Edge of the Precipice. Anthony Black

 

Edge of the Precipice

Anthony Black


Chapter 10.  27 years earlier:

The Presidio, San Francisco.

His Uncle, General Steve McGregor had made a persuasive argument. Michael needed a degree to get on in life and especially if he intended to stay in the United States.

“Here’s the deal, you’ll get a seven year commission, four of which they’ll pay for you to study part-time. You then give them a further three years full time and come out with a degree, the rank of Captain, lifetime benefits and a lot of respect.”

There was only one catch. Because he was still a British Citizen he couldn't attend the Military Academy at West Point. He would have to begin in the ranks as a ‘grunt’ and go through boot camp at Fort Leonard Wood in Missouri and then on to airborne training at Fort Benning in Georgia. There he would be selected for Officer training at the OCS based at the same camp. The general would ‘take care’ of that.

OCS is a rigorous 12-week course designed to train second lieutenants for the U.S. Army's sixteen basic branches. It is the only commissioning source that can be responsive to the Army's changing personnel requirements due to its short length, compared to other commissioning programs and their requirements.

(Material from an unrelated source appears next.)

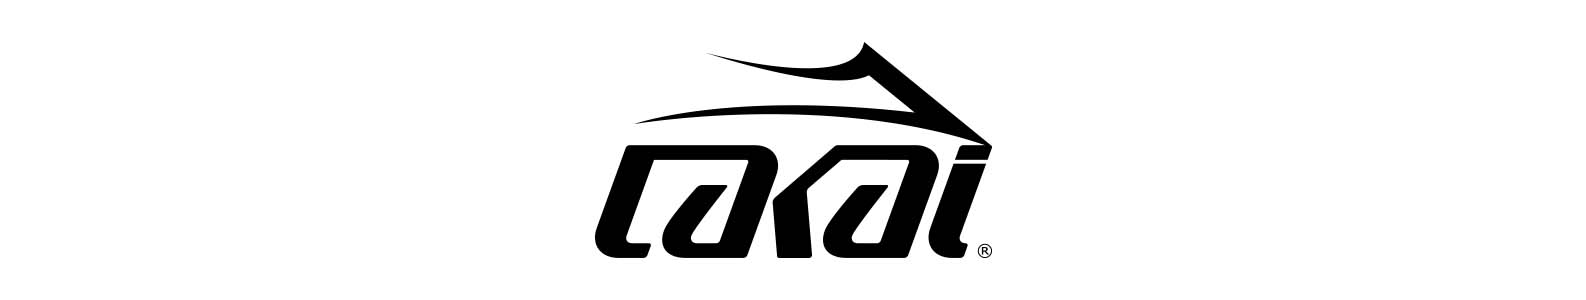 Lakai brand header image

Michael completed all three phases with distinction and was now assigned as a First Lieutenant to a special ops and intelligence unit based in San Francisco. By the end of training he was a highly tuned machine and an expert rifleman - the only medal he would ever be officially awarded. All the others were what Intel called ‘dummies’, medals given to men who spend most of their service in black ops which are seldom, if ever acknowledged to have occurred. They needed something to put on their dress uniforms.
 

 

 

He found the training hard to begin with, being 20lbs overweight when he joined. But he soon lost this at boot camp and regained the speed for which he had been known on the Rugby pitch. He enjoyed using the standard issue M16 rifle, so different to the outdated Lee Enfield 303 that he had been issued as an Army cadet at school back in England. When it came to the final qualifying round in training he dropped 34 out of 35 targets in less than ninety seconds. It later turned out that the hinges on the ‘missed’ mannequin were so rusted that it wouldn’t have dropped for anyone. As a result of this exceptional score and previous ones he had been the only one in his Company to receive specialist sniper training.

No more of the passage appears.